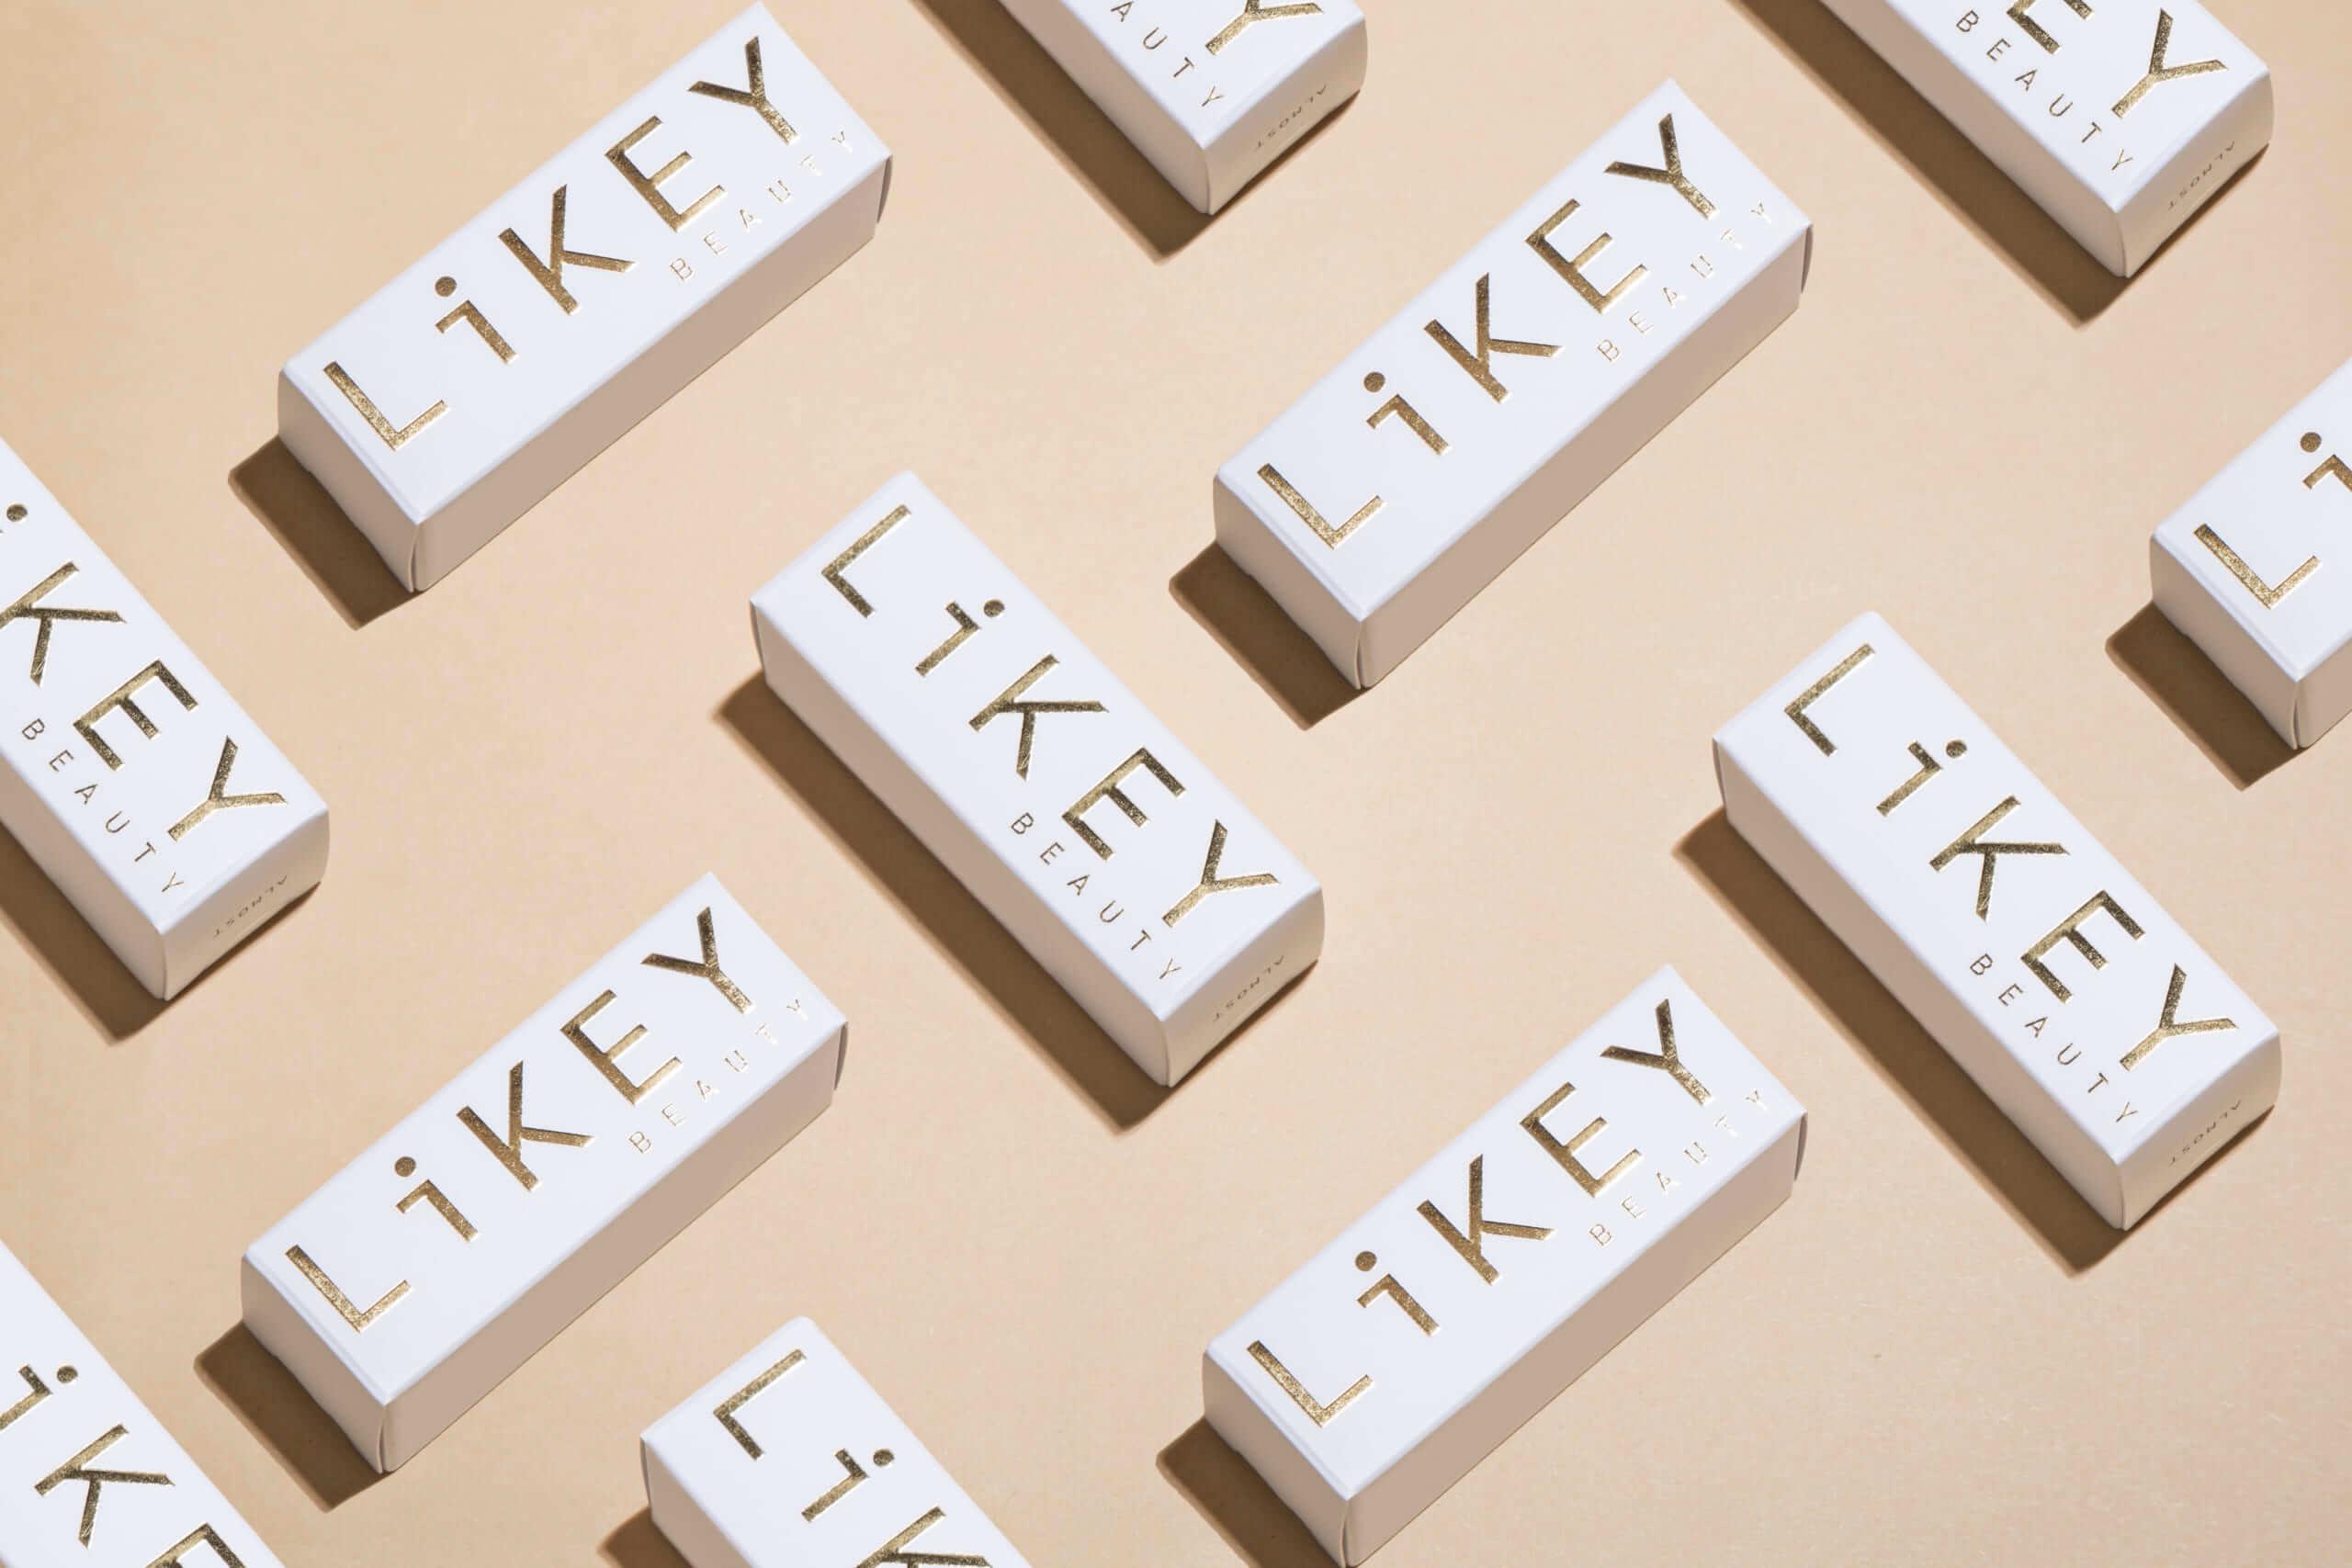 LiKEY BEAUTY(ライキービューティー)のリップのパッケージ
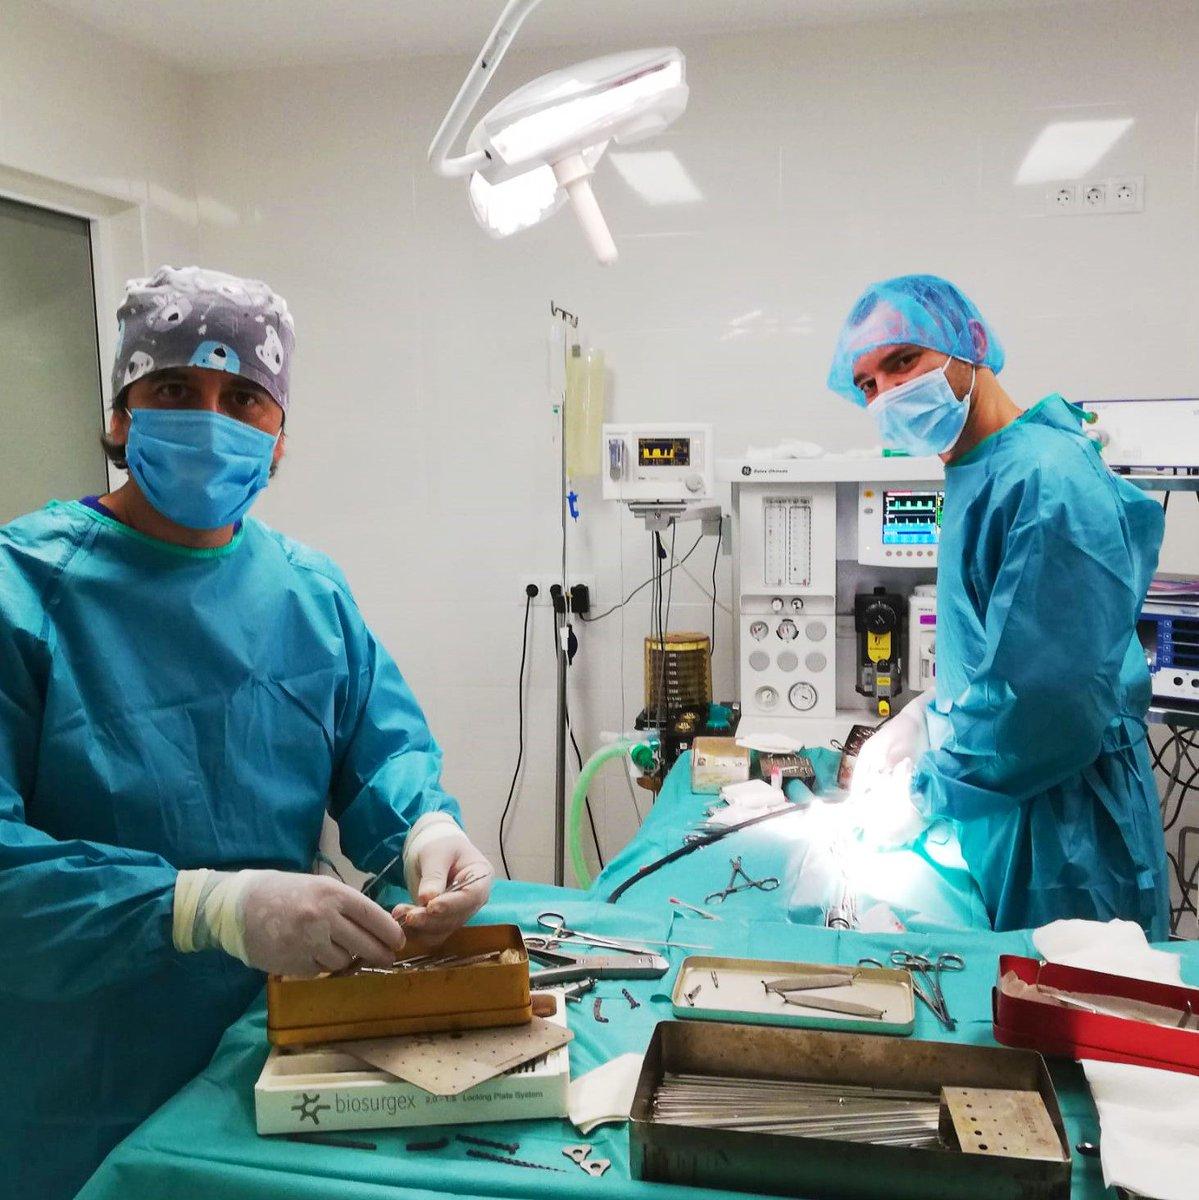 Son más de las 9 de la noche y Dalmiro y Marcos siguen en #quirófano. No importa el día. No importa la hora. Lo que importa es tu #mascota. Y ahí está nuestro equipo de cirujanos preparados para intervenir en el momento preciso. Siempre dando lo mejor de ellos mismos. https://t.co/prRZVccsii
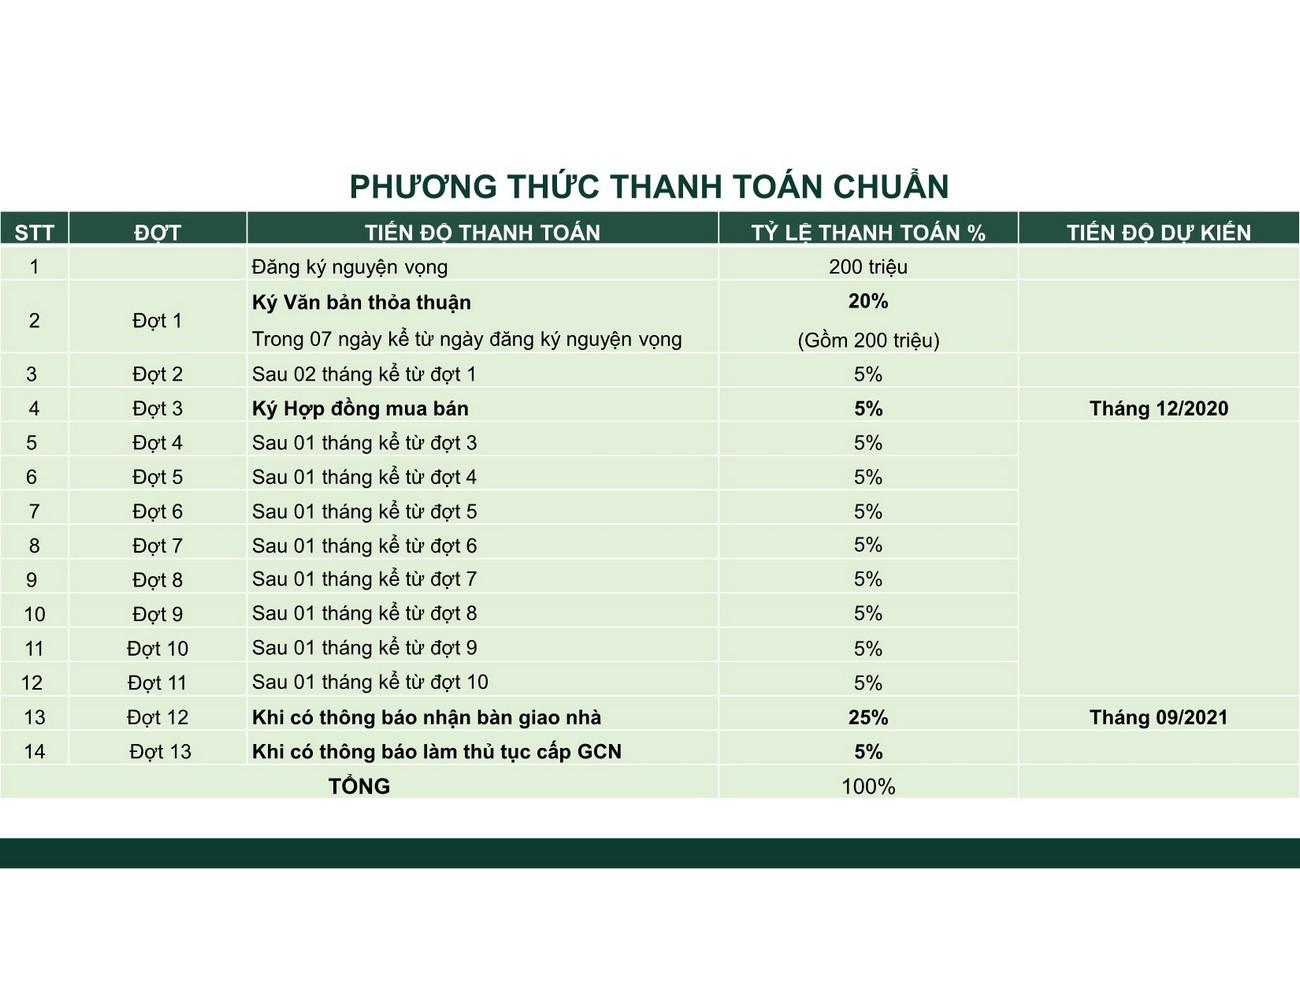 Phương thức thanh toán dự án Nhà phố Diamond Central Biên Hòa Đường Võ Thị Sáu chủ đầu tư Gotec Land

···

▶ [Problem requirements] Would you output the data above exactly as written, but with no images?

▶ [Exercise answer]
 LiKEY BEAUTY(ライキービューティー)のリップのパッケージ
 Son más de las 9 de la noche y Dalmiro y Marcos siguen en #quirófano. No importa el día. No importa la hora. Lo que importa es tu #mascota. Y ahí está nuestro equipo de cirujanos preparados para intervenir en el momento preciso. Siempre dando lo mejor de ellos mismos. https://t.co/prRZVccsii
 Phương thức thanh toán dự án Nhà phố Diamond Central Biên Hòa Đường Võ Thị Sáu chủ đầu tư Gotec Land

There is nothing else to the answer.